Question

An electrolytic cell produces aluminum from \(\mathrm{Al}_{2} \mathrm{O}_{3}\) at the rate of ten kilograms a day. Assuming a yield of \(100 \%\) (a) how many moles of electrons must pass through the cell in one day? (b) how many amperes are passing through the cell? (c) how many moles of oxygen \(\left(\mathrm{O}_{2}\right)\) are being produced simultaneously?

Short answer

How many moles of oxygen are produced simultaneously? Answer: (a) 1111.92 moles of electrons pass through the cell in one day. (b) 1240.93 amperes are passing through the cell. (c) 555.96 moles of oxygen are being produced simultaneously.

Step-by-step solution

Convert the mass of aluminum into moles

Given, the mass of aluminum produced = 10 kg. To convert this mass into moles, we can use the molar mass of aluminum which is \(26.98\, \mathrm{g/mol}\). Note that 1 kg = 1000 g, so our mass in grams is 10000 g. Moles of aluminum = \(\frac{\text{mass of aluminum}}{\text{molar mass of aluminum}} = \frac{10000\,\text{g}}{26.98\, \mathrm{g/mol}} = 370.64\,\text{moles}\)

Calculate the moles of electrons required to produce the given moles of aluminum

The reaction to produce aluminum from \(\mathrm{Al}_{2}\mathrm{O}_{3}\) can be given as: \(\mathrm{Al}_{2}\mathrm{O}_{3} + 6 e^{-} \rightarrow 2 \mathrm{Al} + 3 \mathrm{O}_{2}\) From the above reaction, 6 moles of electrons are required to produce 2 moles of aluminum.
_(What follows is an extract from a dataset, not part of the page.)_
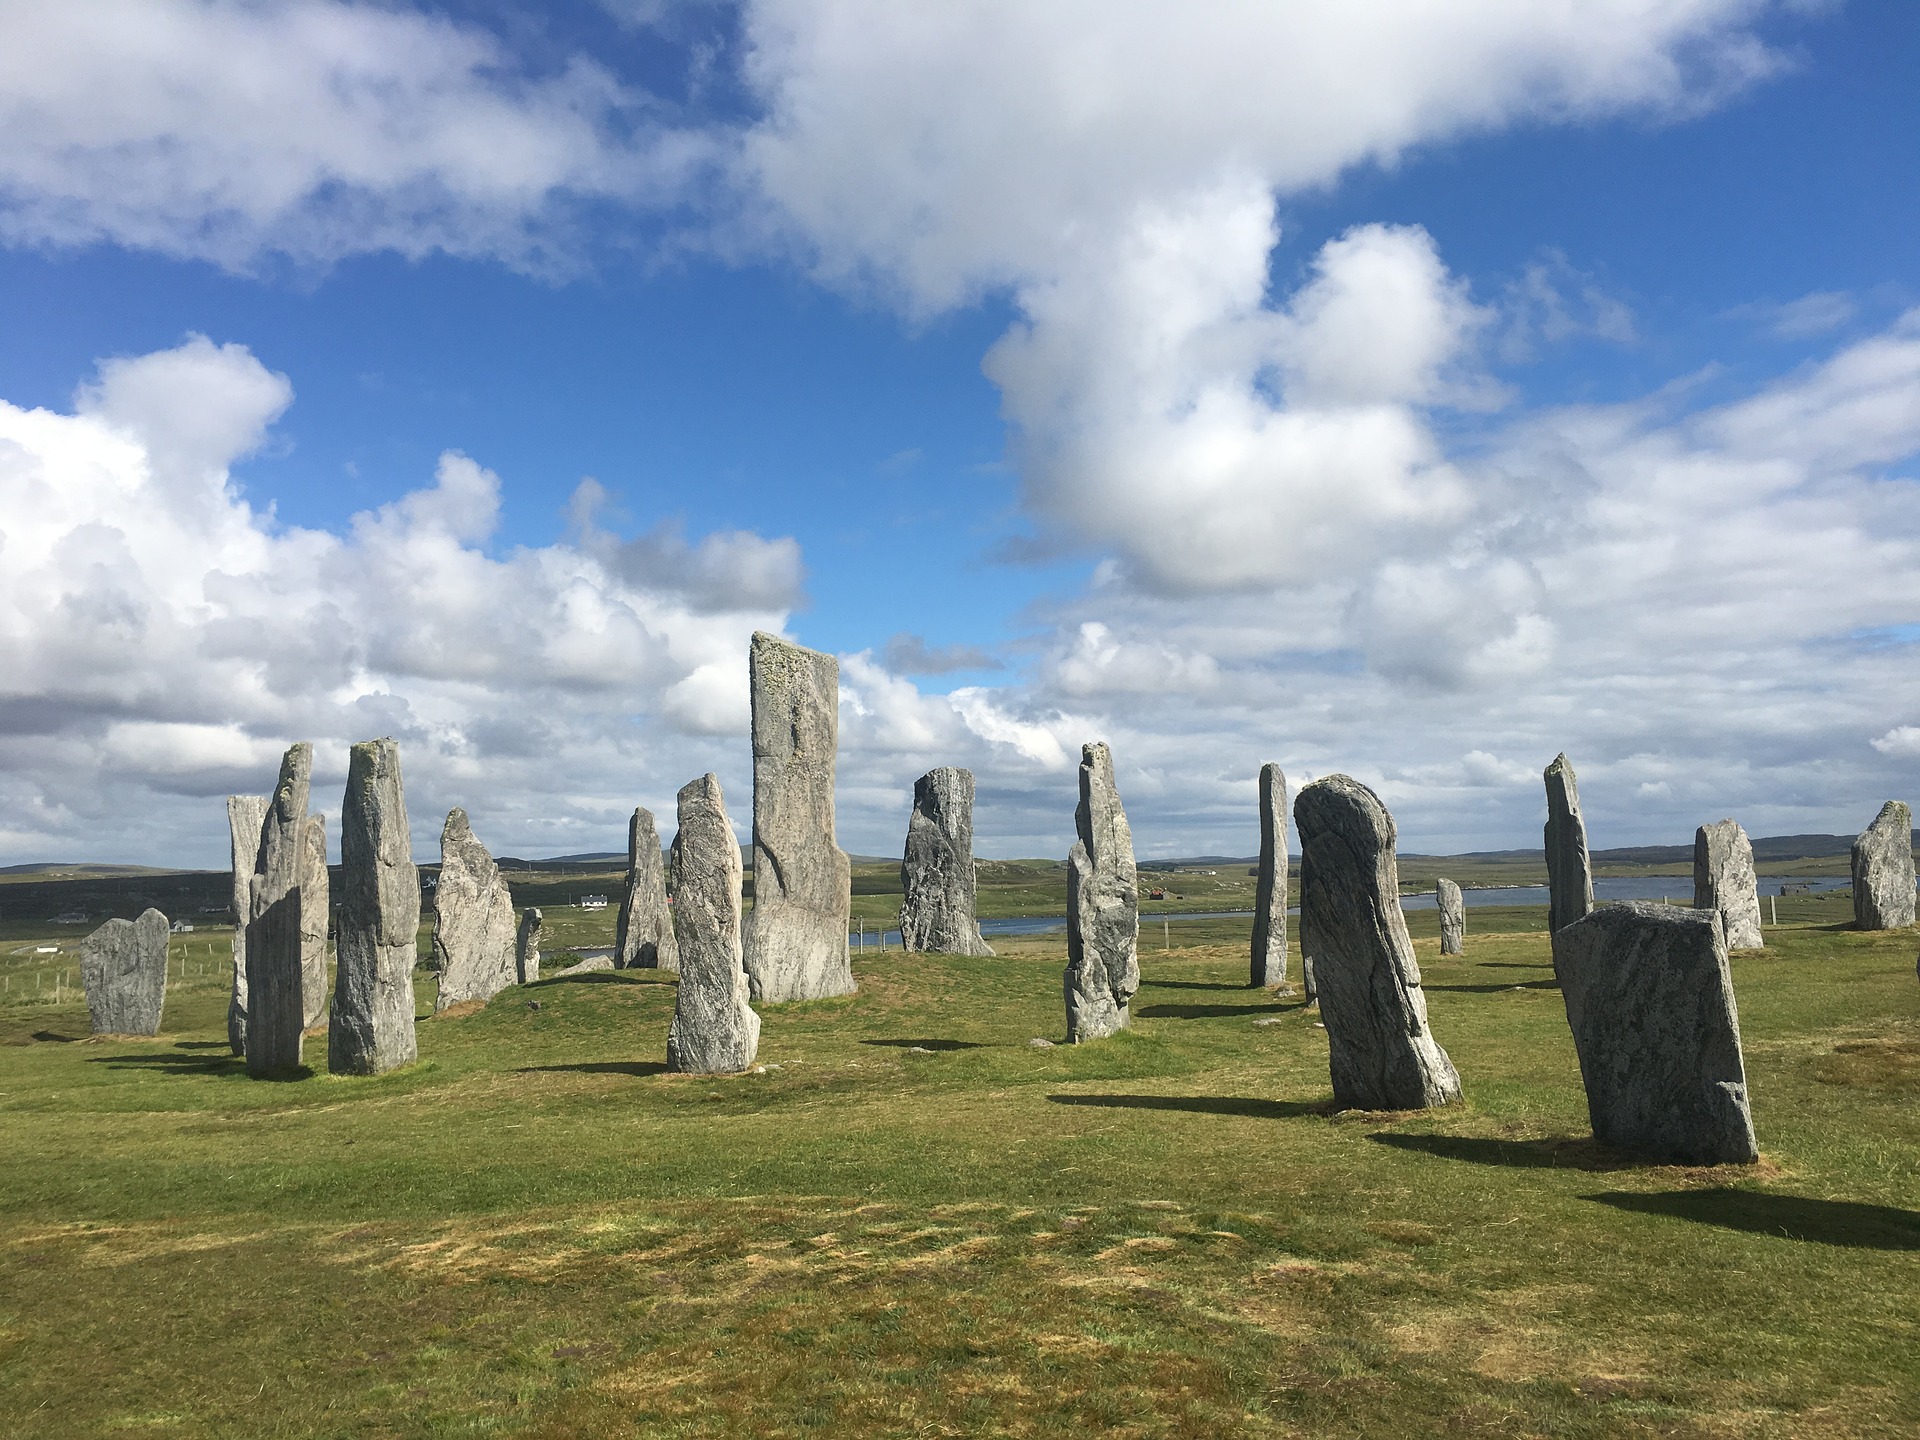 Стоун 6 букв. Менгиры Калланиша, Шотландия. Камни Калланиш остров Льюис Шотландия. Стоячие камни Калланиша, Шотландия. Внешние Гебридские острова Шотландии.

Moles of electrons required = \(\frac{6\,\text{moles of electrons}}{2\,\text{moles of aluminum}} \times 370.64\,\text{moles of aluminum} = 1111.92\,\text{moles of electrons}\)

Calculate the current in amperes using the moles of electrons

We can use Faraday's law of electrolysis to calculate the current in amperes. The total charge transferred (Q) in a day can be calculated using the formula: \(Q = n \times F\) where n = moles of electrons and F = Faraday's constant (\(96485\, \mathrm{C/mol}\)) \(Q = 1111.92 \, \text{moles} \times 96485\,\mathrm{C/mol} = 107242724\,\mathrm{C}\) Given that one day has \(24 \times 3600 = 86,400\) seconds, current (I) can be calculated as: \(I = \frac{Q}{t} = \frac{107242724\, C}{86400\, s} = 1240.93\, A\)

Calculate the moles of oxygen produced simultaneously

From the balanced equation, \(\mathrm{Al}_{2}\mathrm{O}_{3} + 6 e^{-} \rightarrow 2 \mathrm{Al} + 3 \mathrm{O}_{2}\) 3 moles of \(\mathrm{O}_{2}\) are produced for every 2 moles of aluminum. Moles of \(\mathrm{O}_{2}\) produced = \(\frac{3\,\text{moles of}\,\mathrm{O}_{2}}{2\,\text{moles of aluminum}} \times 370.64\,\text{moles of aluminum} = 555.96\,\text{moles of}\,\mathrm{O}_{2}\) To summarize: (a) 1111.92 moles of electrons must pass through the cell in one day. (b) 1240.93 amperes are passing through the cell. (c) 555.96 moles of oxygen are being produced simultaneously.